An Air Force Global Strike Command unarmed Minuteman III intercontinental ballistic missile launches during an operational test at 12:27 a.m. Pacific Time, Thursday, Oct. 29, 2020, at Vandenberg Air Force Base, Calif. (U.S. Air Force photo by Tech Sgt. Patrick Harrower)

Sometime yet this fall, the U.S. Missile Defense Agency said it plans to test for the first time a new, mainly ship-based interceptor against an intercontinental-range ballistic missile target in a “defense of Hawaii” scenario.
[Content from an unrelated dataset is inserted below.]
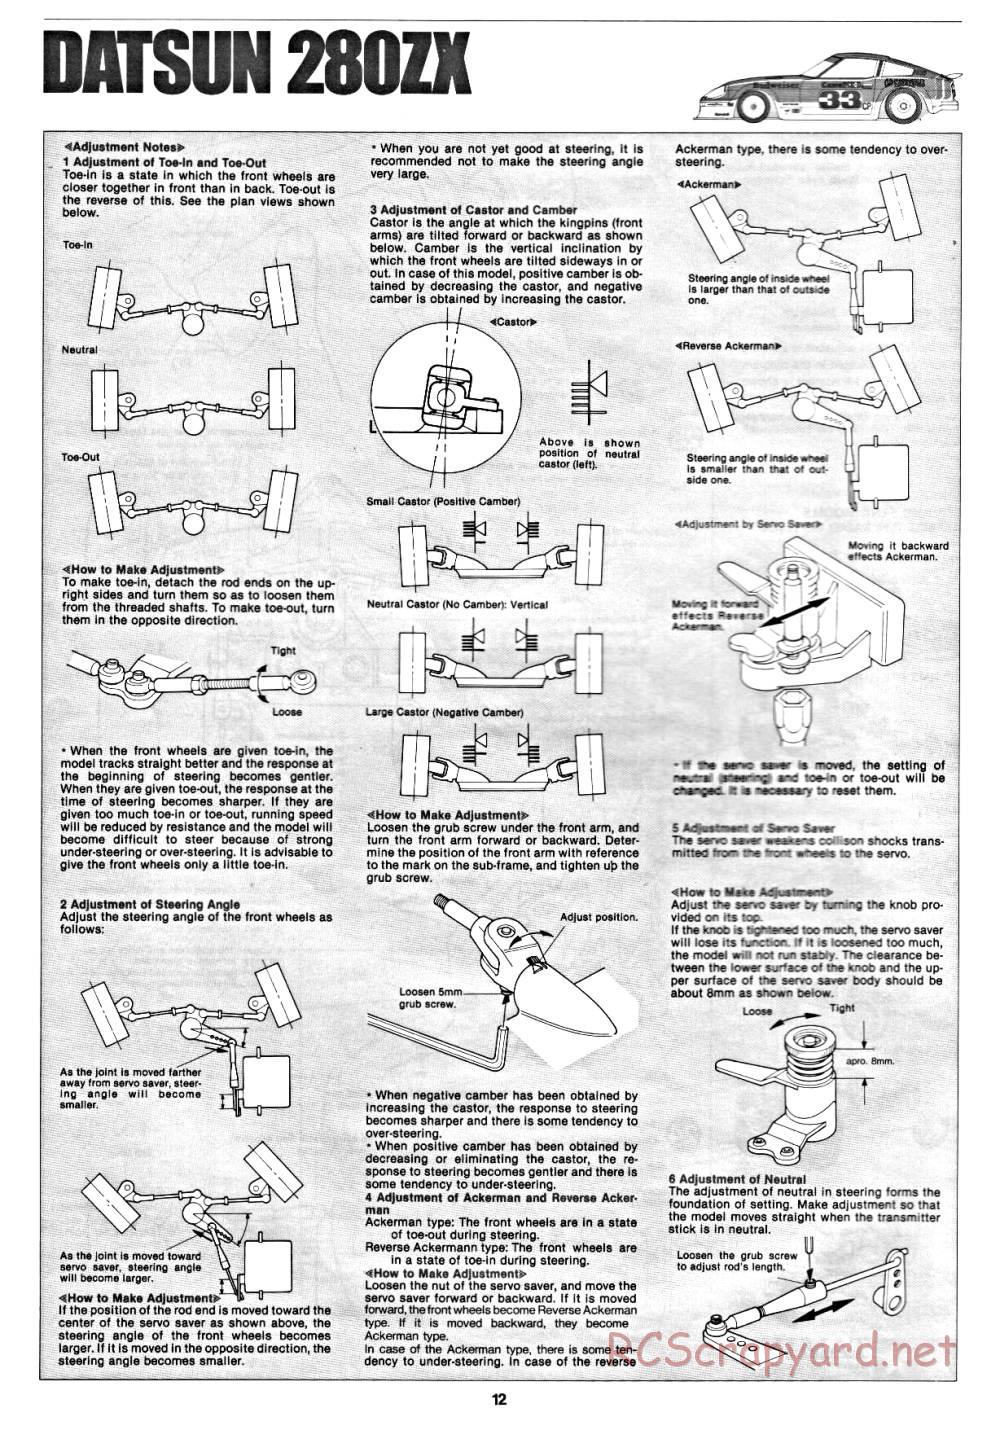 Tamiya - Datsun 280ZX - 58022 - Manual - Page 12

If successful, the test will move what’s known as an “underlay ” defense one step closer to reality for the Aloha State.

The key missile intercept was delayed from the spring with the onset of COVID-19.

Meanwhile, Congress and the Pentagon continue a tug of war over the necessity of a $1.9 billion Homeland Defense Radar-Hawaii that may or may not be built at the Pacific Missile Range Facility on Kauai.

A Missile Defense Agency PowerPoint slide for the upcoming test shows a mock ICBM launched from Kwajalein Atoll, the rocket arcing over Hawaii—with an advanced SPY-6 air and missile radar on Kauai to help track it—and a U.S. Navy destroyer somewhere between Hawaii and California firing an SM-3 Block IIA missile to intercept it.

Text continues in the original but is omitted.